Very often customers initially build search for their website or application on top of Solr, but later run into challenges like elastic scaling and managing the Solr servers. This is a typical scenario we have observed in our years of search implementation experience. For such use cases, Amazon CloudSearch is a good choice. Amazon CloudSearch is a fully-managed service in the cloud that makes it easy to set up, manage, and scale a search solution for your website. To know more, please read the Amazon CloudSearch documentation.

We are seeing growing trend every year, organizations of various sizes are migrating their workloads to Amazon CloudSearch and leveraging the benefits of fully managed service.
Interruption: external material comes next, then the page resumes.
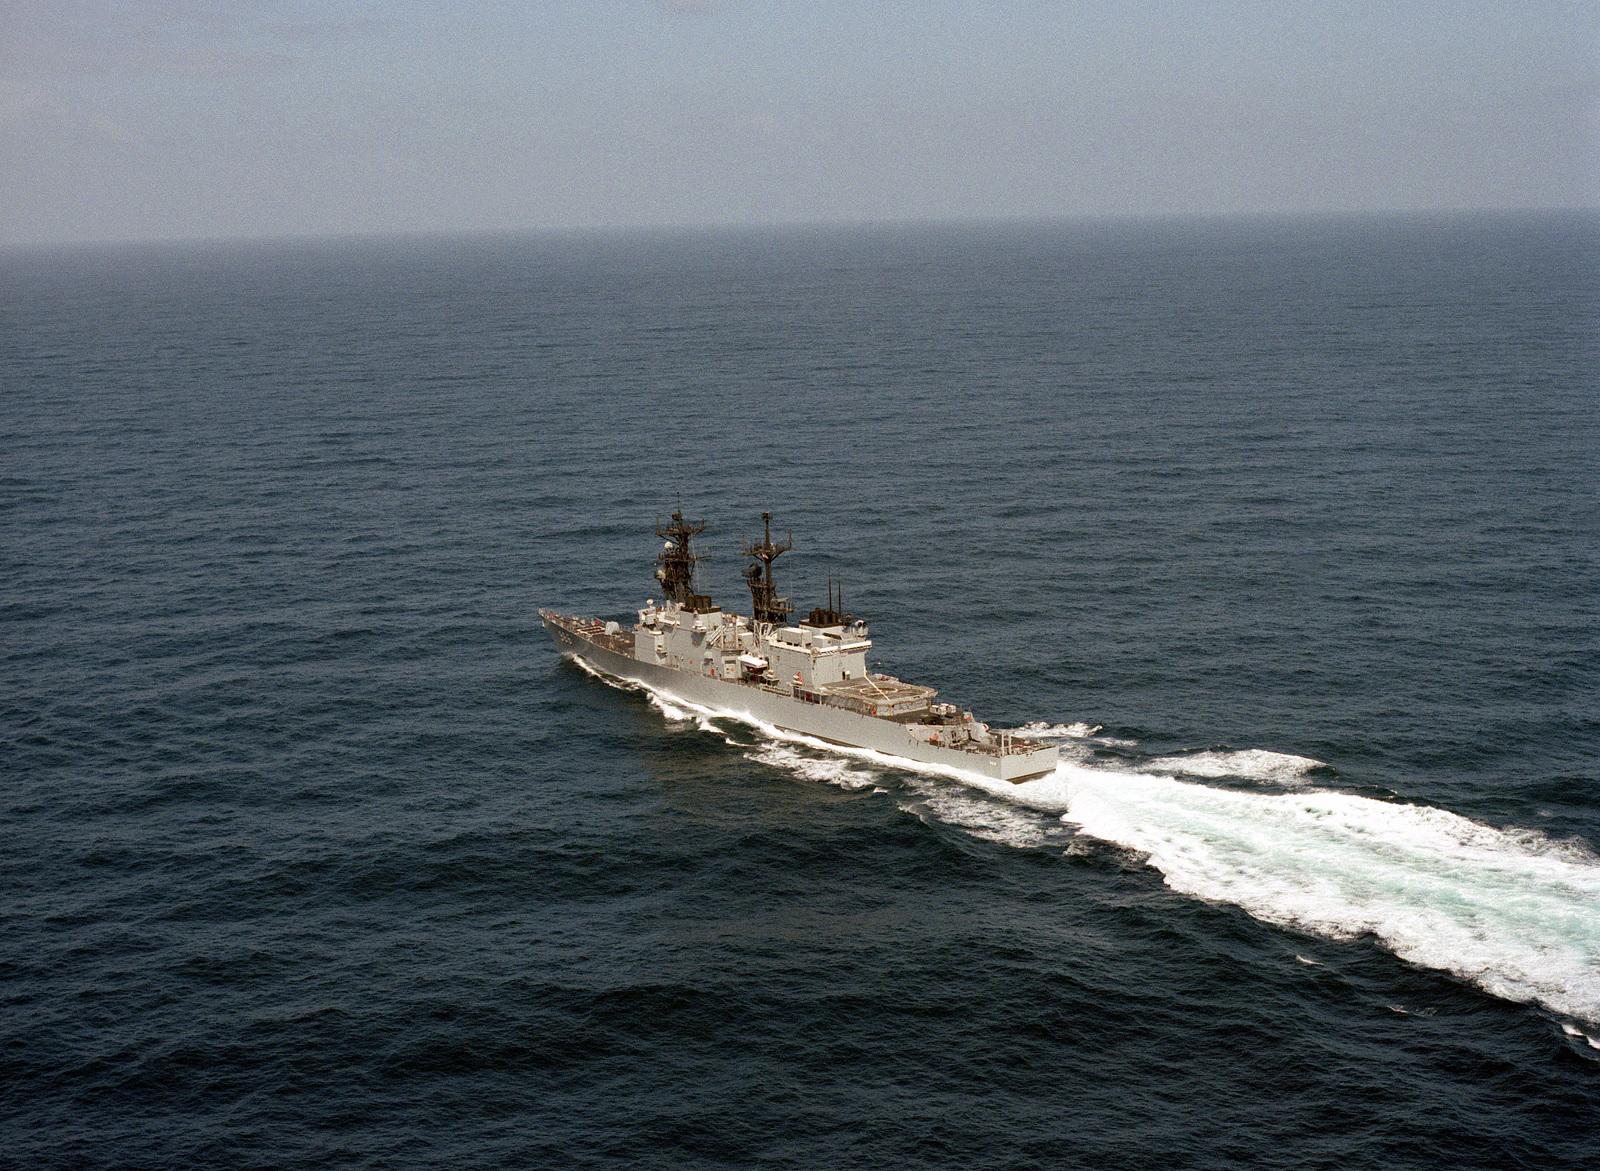 A port quarter view of the destroyer USS HEWITT (DD 966) underway

For example, Measured Search, an analytics and e-Commerce platform vendor, found it easier to migrate to Amazon CloudSearch rather than scale Solr themselves (see article for details).
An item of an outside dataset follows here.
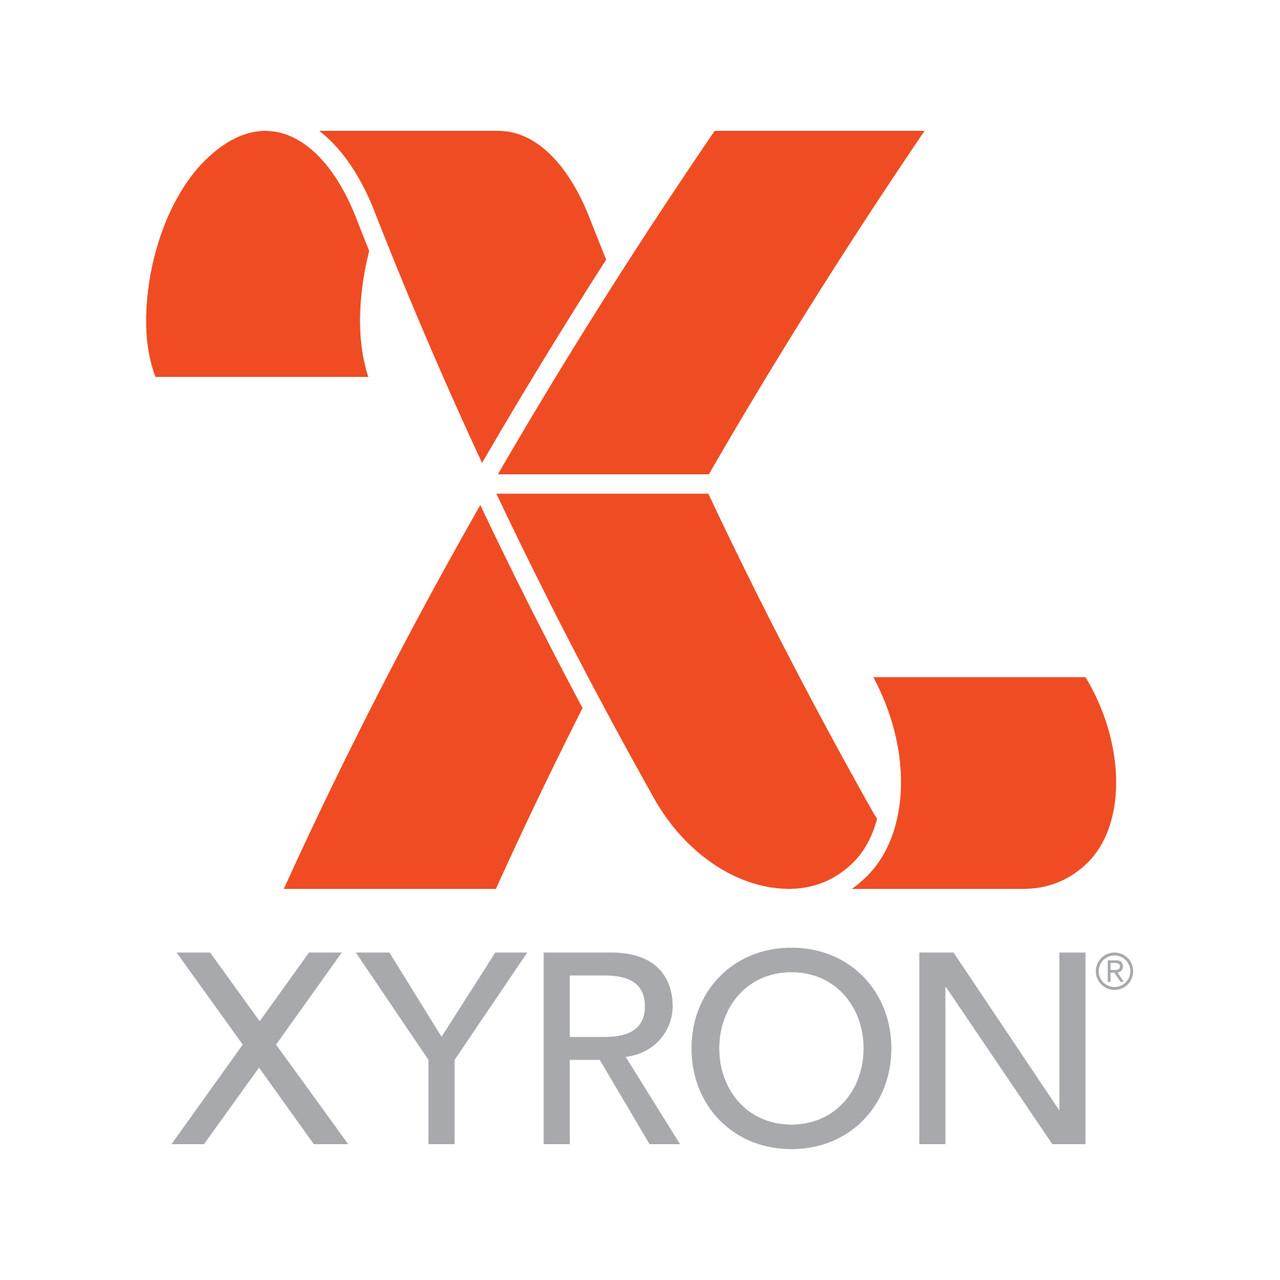 Xyron

Since Amazon CloudSearch is built on top of Solr, it exposes all the key features of Solr while providing the benefits of a fully managed service in the cloud such as auto-scaling, self-healing clusters, high availability, data durability, security and monitoring.

In this post, we provide step-by-step instructions on how to use the Apache Solr to Amazon CloudSearch Migration (S2C) tool to migrate from Apache Solr to Amazon CloudSearch.

Before we get into detail, you can download the S2C tool in the below link.
Download Link: https://s3-us-west-2.amazonaws.com/s2c-tool/s2c-cli.zip

Pre-Requisites

Before starting the migration, the following pre-requisites have to be met. The pre-requisites include installations and configuration on the migration server. The migration server could be the same Solr server or independent server that sits between your Solr server and Amazon CloudSearch instance.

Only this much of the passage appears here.